Какая странная ватная слабость в ногах… И туман перед глазами – не тот, красный, просоленный кровью, тяжёлый туман, что на исходе допроса свалил его с ног, а другой.

Светлый, тихий.

«Может, я скоро успокоюсь?» подумал Аден.

И устыдился охватившей его слабости.

«Ты не должен сдаваться, доктор. Хотя бы попробуй не сломаться… Понимаю, они умеют ломать. Они могут переломить твой позвоночник – как сухую ветку, об колено. Они ждут, когда ты смиришься и сам попросишь о смерти. Лёгкой смерти. Ты их знаешь, доктор. Знаешь их ловушки… Попробуй ещё подышать. Ещё немного. Ради Сильвии, ради всех тех, кто остался… в огне… Попробуй ещё… немного… не падать. Всё равно: вот сюда, внутрь, под череп – они не заберутся. Не смогут. Со всей их пыточной техникой, со всем их палаческим опытом и людоедской квалификацией. Не смогут, если ты сам им не позволишь. Пострайся не позволить, пострайся! Аден, очень тебя прошу!»

Доктор закашлял и инстинктивно приложил скованные наручниками руки к груди.

«Задыхаюсь…»

– Не двигаться! – снова закричал охранник. – Всем стоять! Выходим только по команде.

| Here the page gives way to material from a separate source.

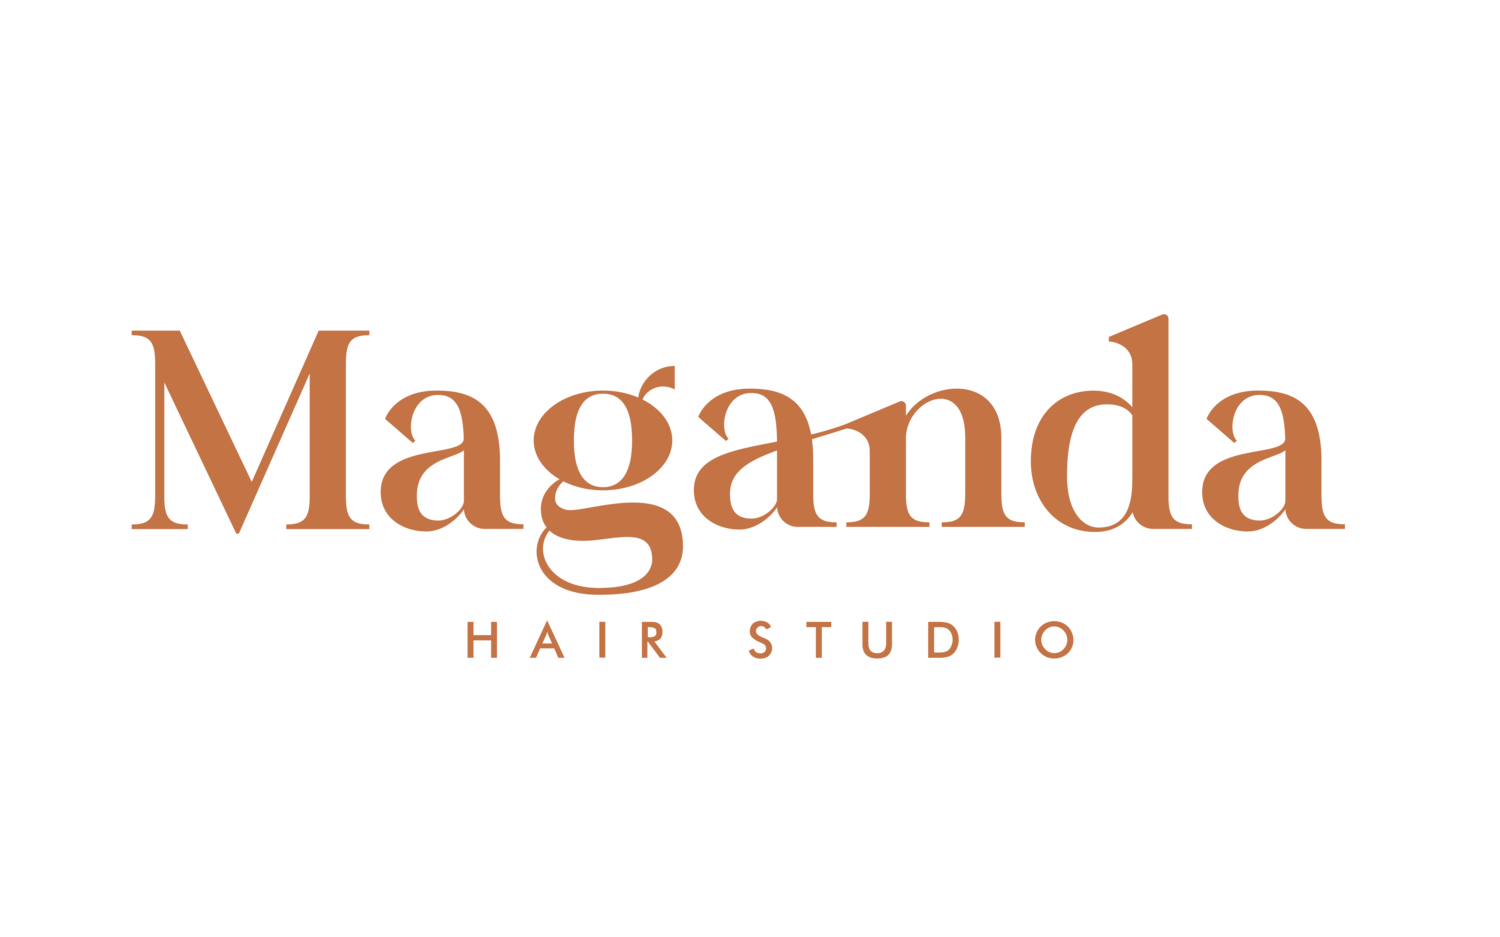 Hair Salons in Hackney Wick, Stratford, and Bow - Maganda Hair Studio

Это, верно, ещё одна их пытка: вывести арестованных к самому выходу из бункера, и держать у открытой двери, не давая выйти.

А так, хоть глазком взглянуть… Ведь, признаться, спускаясь в это ад, доктор и не думал, и не надеялся, что когда-нибудь снова сможет увидеть хотя бы кусочек неба… или как сейчас – ночь, верхушки качающихся под ветром деревьев, дальние вспышки прошедшей грозы, лужи…

Лужи! Какое счастье – просто лужи. Блики. Отражения.

Белые отсветы прожекторов.

Дождевая вода, простая дождевая вода – вот здесь. В паре шагов.

Как же хочется сделать эти два шага. Вот так просто – выйти, наконец, из проклятого этого подземелья. Переступить через бетонный порог, выйти – и побежать. Быстро, быстро – насколько выдержат ослабевшие ноги.

Пробежать по бетонным плитам площадки перед бункером (ведь кончится она когда-нибудь?), миновать её (будь и она проклята, как и всё, что понаделали эти «серые» на его родной планете!) – и добежать, добраться до леса, который, кажется, совсем рядом, близко, близко…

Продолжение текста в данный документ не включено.